- Opening Delimiter -

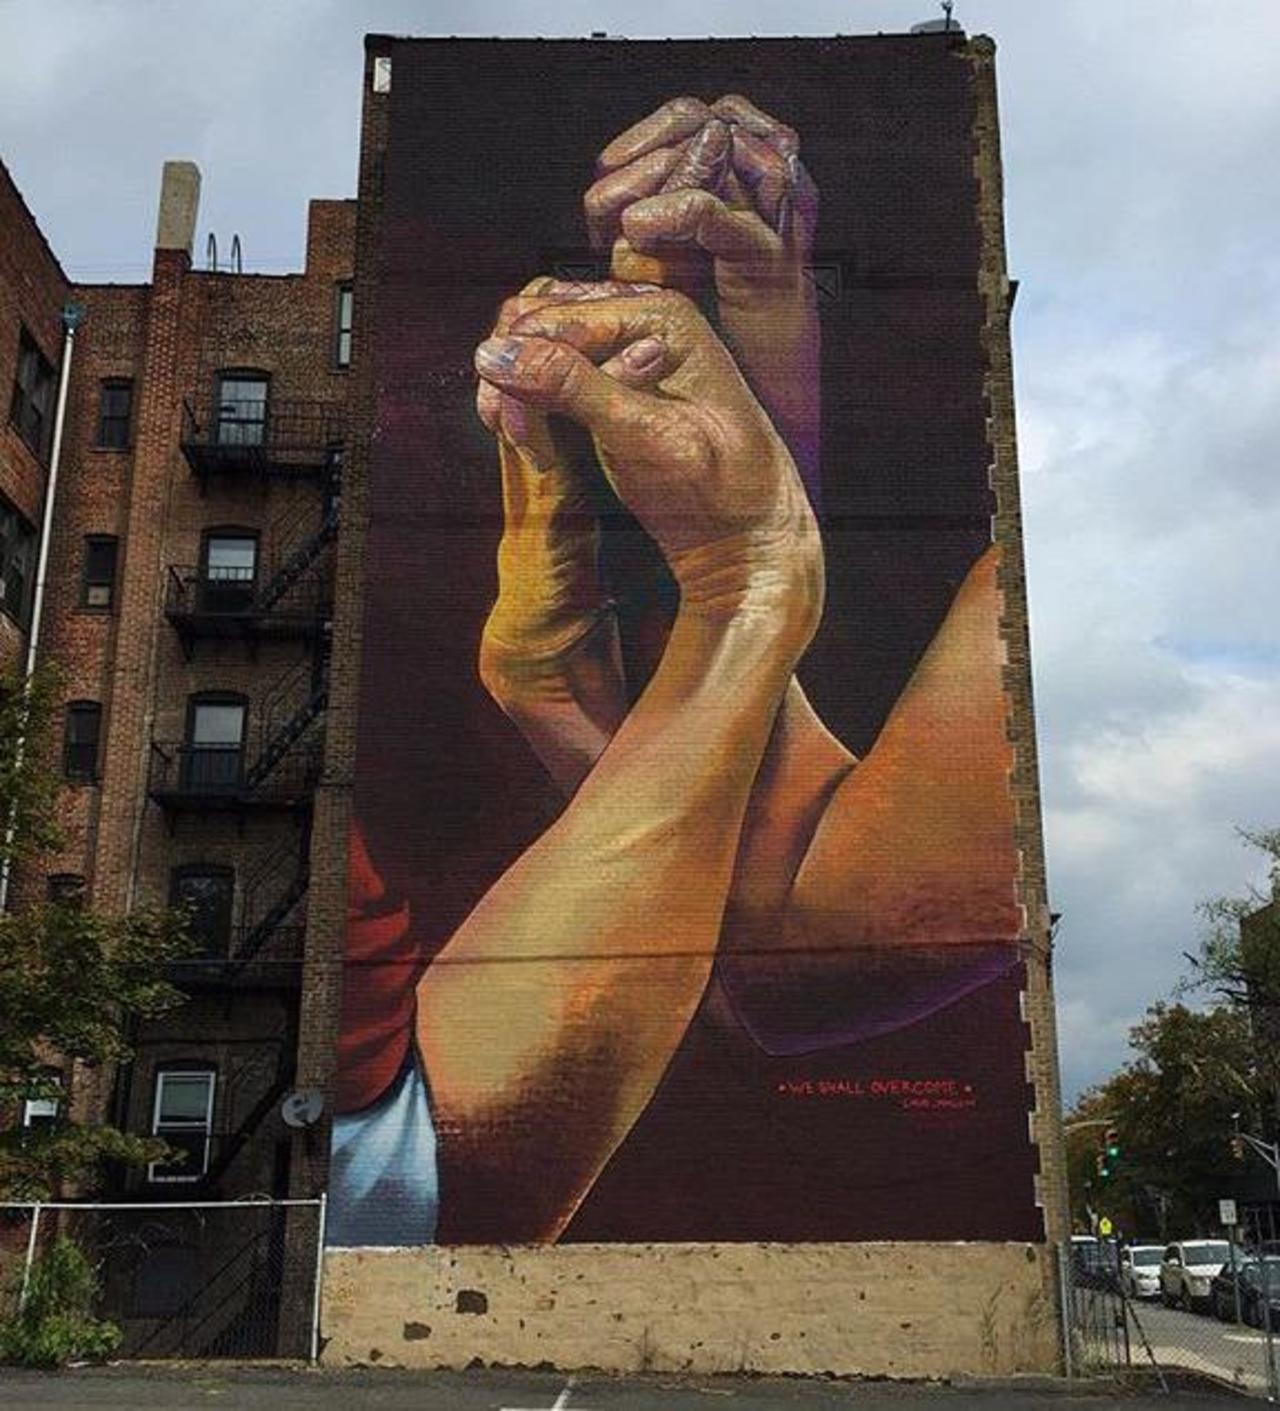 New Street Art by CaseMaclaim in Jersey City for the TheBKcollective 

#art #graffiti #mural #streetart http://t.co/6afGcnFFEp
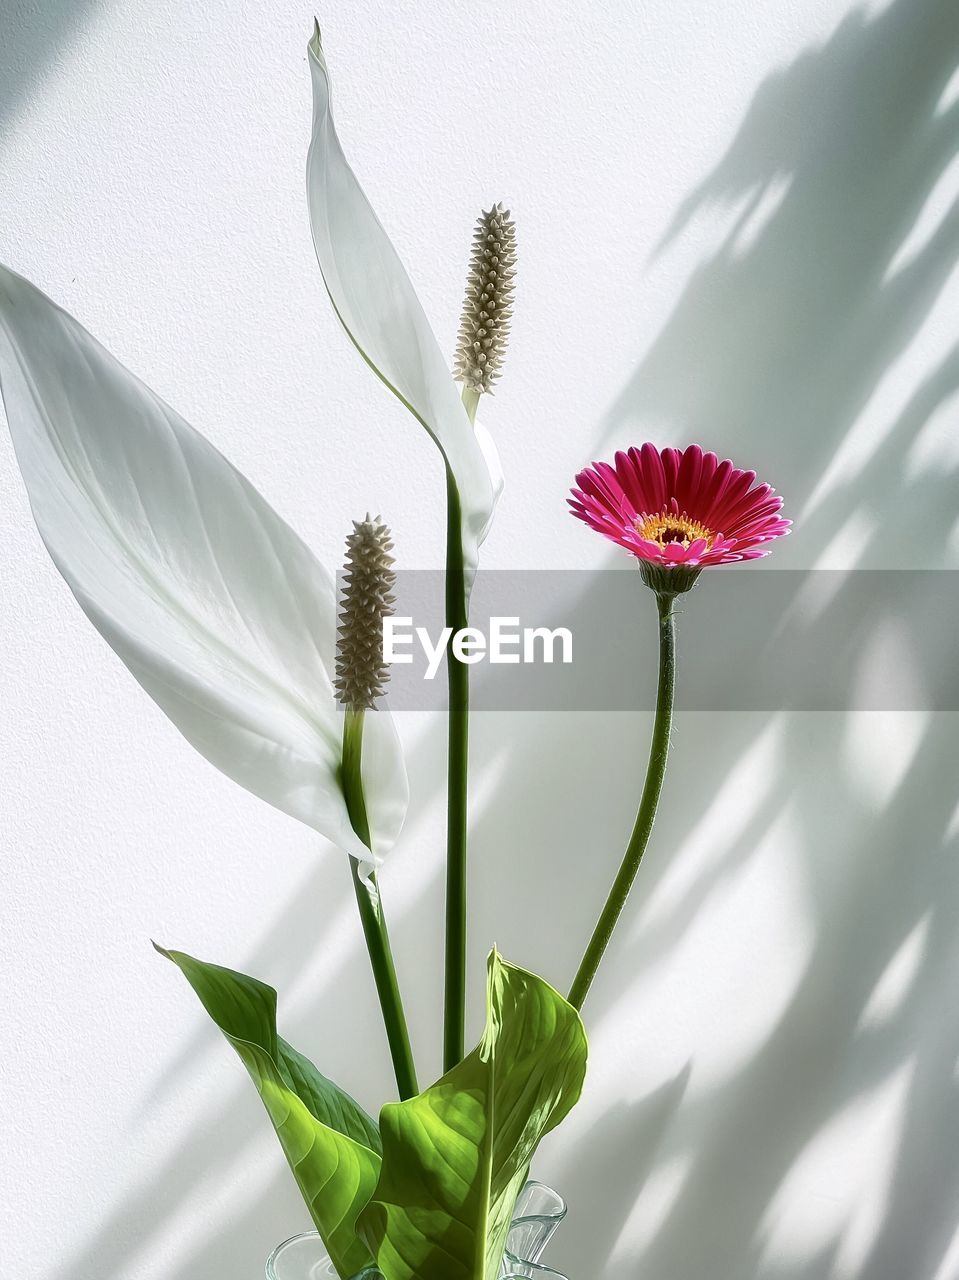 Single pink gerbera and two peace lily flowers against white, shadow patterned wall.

- Closing Delimiter -

Exercise goal: Every line of the listing is to be retyped exactly; pictures stay out.

Written response:
 New Street Art by CaseMaclaim in Jersey City for the TheBKcollective 

#art #graffiti #mural #streetart http://t.co/6afGcnFFEp
 Single pink gerbera and two peace lily flowers against white, shadow patterned wall.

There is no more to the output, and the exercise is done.